Sens. Louis Blessing III, R-Colerain Township, and Willis Blackshear Jr., D-Dayton, have proposed legislation that would amend the state’s antitrust law to target algorithmic price fixing.

Senate Bill 79 would make the use and distribution of a pricing algorithm that uses non-public competitor data a violation of the Valentine Act, the state’s antitrust law which was enacted to support fair competition in the marketplace.

“In the United States and Ohio, it is very much illegal for a bunch of business owners to walk into the proverbial smoke-filled room and agree not to undercut one another and keep prices as high as possible,” Blessing said during a Financial Institutions, Insurance and Technology Committee hearing in the state Senate. “This is as it should be because these higher prices harm the economy as a whole and prevent competition from reducing prices and spurring innovation. However, what happens when the smoke-filled room doesn’t physically exist, but instead is replaced with a large database and sophisticated algorithms?”

The Hamilton County lawmaker said the action is de facto price fixing, noting that current law is unclear on the matter and in need of clarification.

“Currently companies have a range of tools that they can use to help them determine the best rate to offer their products and services in the market,” Blackshear said. “Any well-run business understands how their products and services compare to their competitors in a given industry.”

He said a business enterprise that has direct access to private information about their competitors and then colludes with them to raise prices is acting contrary to the spirit of the law.

“One specific industry in which we see considerable price fixing and the use of algorithms is the apartment rental industry,” he continued. “The companies that own apartment complexes often contract with the same software companies to determine optimal rates to charge tenants.

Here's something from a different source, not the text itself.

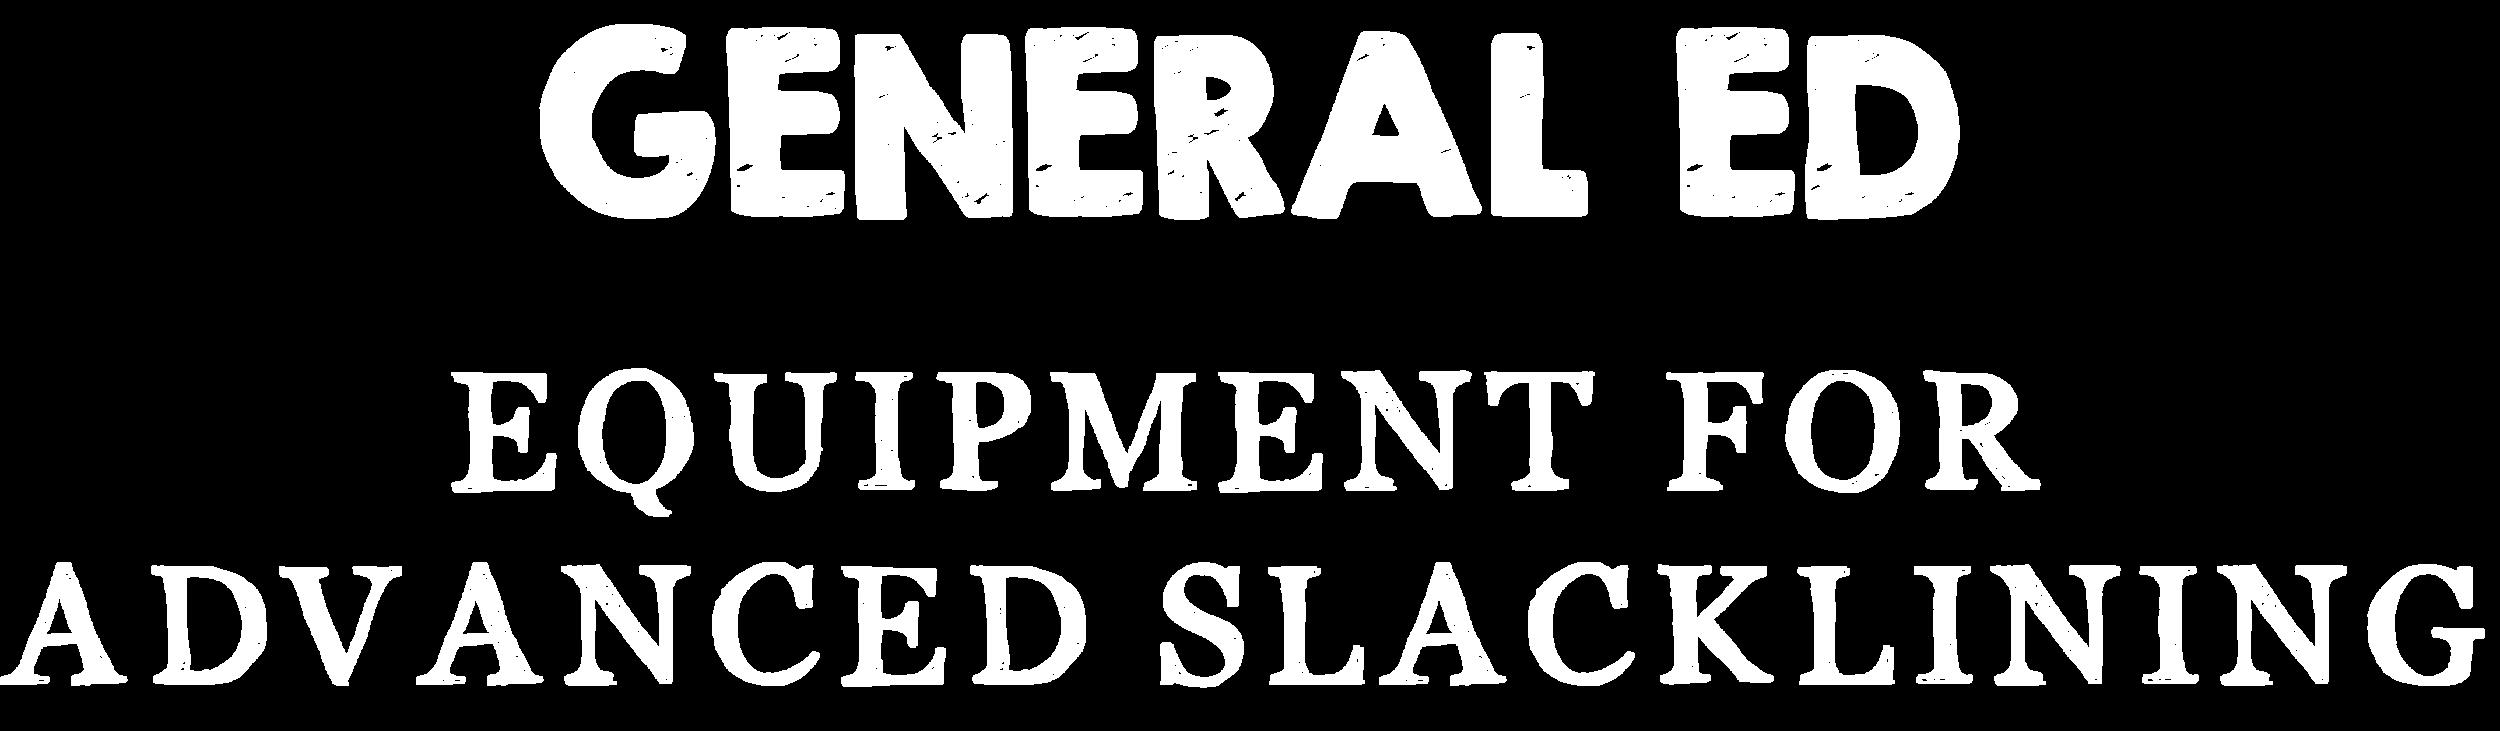 general ed equipment for advanced slacklining.png

This leads to landlords within the same geographical area using data to effectively fix prices and raise rates on consumers.”

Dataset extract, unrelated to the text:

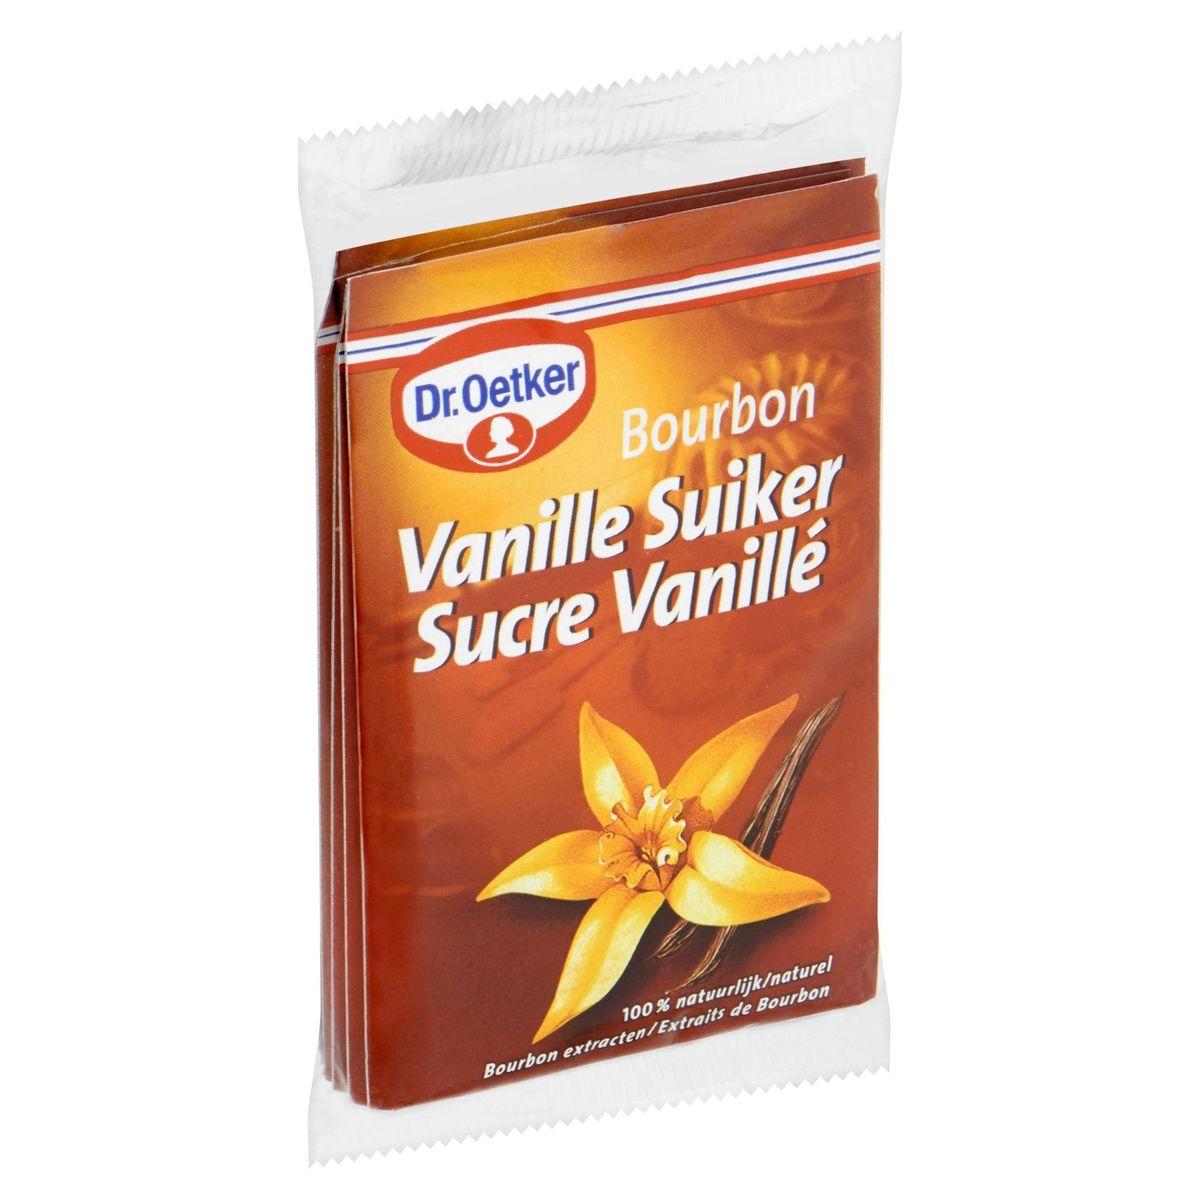 Dr. Oetker Sucre Vanille Bourbon 5 x 8 g

Blackshear cited a White House report from December that showed pricing algorithms can add an average of $70 per month to the cost of rent in algorithm-utilizing buildings.

“That same study also found that several major metropolitan areas nationwide had over 30 percent of landlords utilizing the same rental pricing software,” creating a “ripple effect” throughout the market.

SB 79 would establish guidelines for the circumstances in which a court must presume the defendant entered into an agreement, contract, combination or conspiracy against trade, analysis of the bill provided.

The bill also would authorize the attorney general to issue investigative demands of documentary material, including information about the development or distribution of a pricing algorithm, information about the person responsible for its development or distribution and how the pricing algorithm functions.

Blessing noted that algorithmic price fixing is not relegated to the real estate industry.

“It could very easily be applied to wages,” he said. “If an enterprising software company were to use the same model, they could create a profitable business that is used to lower wages for its client businesses. Again, the combination of non-public data, operational scale and sophisticated algorithms could achieve significant monopsony power for the business community at large, essentially allowing for them to operate as a single large employer.”

Blackshear said the use of artificial intelligence has exacerbated the issue.

“The expanded use of AI technology and the popularity of common AI models makes it increasingly likely that two companies or individuals can use the same software to formulate prices for their businesses,” he said. “We need to resolve this issue by clarifying the prohibition of price-fixing algorithms in our state to stop this practice from continuing.”

SB 79 awaits further consideration by the committee.